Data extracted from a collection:
((

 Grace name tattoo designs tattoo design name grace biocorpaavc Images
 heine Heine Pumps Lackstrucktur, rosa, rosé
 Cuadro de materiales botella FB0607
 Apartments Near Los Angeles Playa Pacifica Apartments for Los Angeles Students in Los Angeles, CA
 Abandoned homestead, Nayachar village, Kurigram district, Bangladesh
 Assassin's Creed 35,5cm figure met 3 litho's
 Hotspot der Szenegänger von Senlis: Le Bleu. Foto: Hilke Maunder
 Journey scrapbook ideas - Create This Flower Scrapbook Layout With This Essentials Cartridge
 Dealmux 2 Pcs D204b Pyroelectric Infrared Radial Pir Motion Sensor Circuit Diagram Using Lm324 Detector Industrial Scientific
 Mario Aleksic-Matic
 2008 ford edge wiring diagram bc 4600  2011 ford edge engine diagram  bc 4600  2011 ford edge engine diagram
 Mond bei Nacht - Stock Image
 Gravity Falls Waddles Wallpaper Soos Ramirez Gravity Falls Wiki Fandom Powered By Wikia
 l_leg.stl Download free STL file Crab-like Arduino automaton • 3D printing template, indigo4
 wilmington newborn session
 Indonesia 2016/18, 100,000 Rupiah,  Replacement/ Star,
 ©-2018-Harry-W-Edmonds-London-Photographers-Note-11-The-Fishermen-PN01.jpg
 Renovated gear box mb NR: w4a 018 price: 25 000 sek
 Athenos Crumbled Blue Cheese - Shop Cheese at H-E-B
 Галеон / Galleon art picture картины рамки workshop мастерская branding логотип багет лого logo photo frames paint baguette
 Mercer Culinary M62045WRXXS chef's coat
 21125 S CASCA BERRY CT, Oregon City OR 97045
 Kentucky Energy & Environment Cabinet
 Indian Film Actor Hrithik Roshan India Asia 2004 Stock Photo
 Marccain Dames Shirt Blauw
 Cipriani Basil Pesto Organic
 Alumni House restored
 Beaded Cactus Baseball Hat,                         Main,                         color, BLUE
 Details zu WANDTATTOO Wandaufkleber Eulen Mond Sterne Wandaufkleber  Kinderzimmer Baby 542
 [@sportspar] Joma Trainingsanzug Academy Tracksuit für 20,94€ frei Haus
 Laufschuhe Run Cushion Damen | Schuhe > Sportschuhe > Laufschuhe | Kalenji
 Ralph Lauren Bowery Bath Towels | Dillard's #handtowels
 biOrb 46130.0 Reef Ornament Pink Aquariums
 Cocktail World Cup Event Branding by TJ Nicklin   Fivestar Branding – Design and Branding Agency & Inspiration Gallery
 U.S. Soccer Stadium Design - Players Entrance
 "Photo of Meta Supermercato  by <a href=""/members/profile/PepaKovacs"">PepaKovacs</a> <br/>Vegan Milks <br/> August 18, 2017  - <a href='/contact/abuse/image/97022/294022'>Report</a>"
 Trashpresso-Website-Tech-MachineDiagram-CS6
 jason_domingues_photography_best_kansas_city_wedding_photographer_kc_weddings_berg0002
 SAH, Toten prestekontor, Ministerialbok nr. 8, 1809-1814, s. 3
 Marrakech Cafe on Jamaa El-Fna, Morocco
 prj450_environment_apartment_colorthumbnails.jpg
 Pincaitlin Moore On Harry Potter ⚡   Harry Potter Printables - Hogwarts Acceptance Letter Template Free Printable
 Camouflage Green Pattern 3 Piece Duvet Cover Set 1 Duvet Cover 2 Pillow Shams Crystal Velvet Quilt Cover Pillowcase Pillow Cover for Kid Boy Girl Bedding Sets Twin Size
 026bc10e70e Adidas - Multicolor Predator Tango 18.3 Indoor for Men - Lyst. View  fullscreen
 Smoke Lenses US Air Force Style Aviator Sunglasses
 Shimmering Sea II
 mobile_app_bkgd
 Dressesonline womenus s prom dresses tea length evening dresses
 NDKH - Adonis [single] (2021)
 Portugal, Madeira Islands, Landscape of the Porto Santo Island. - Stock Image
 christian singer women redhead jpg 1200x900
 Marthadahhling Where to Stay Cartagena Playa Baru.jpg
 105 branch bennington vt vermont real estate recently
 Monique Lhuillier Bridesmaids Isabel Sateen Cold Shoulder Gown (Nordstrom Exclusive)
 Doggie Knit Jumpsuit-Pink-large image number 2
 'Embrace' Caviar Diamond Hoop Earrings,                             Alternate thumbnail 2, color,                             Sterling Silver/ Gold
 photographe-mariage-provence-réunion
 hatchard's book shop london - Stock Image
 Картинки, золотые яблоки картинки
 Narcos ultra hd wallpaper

))

» **What is being asked**
Work out the number of lines above that include the string "Pink" and write only that number.

» **Response area**
2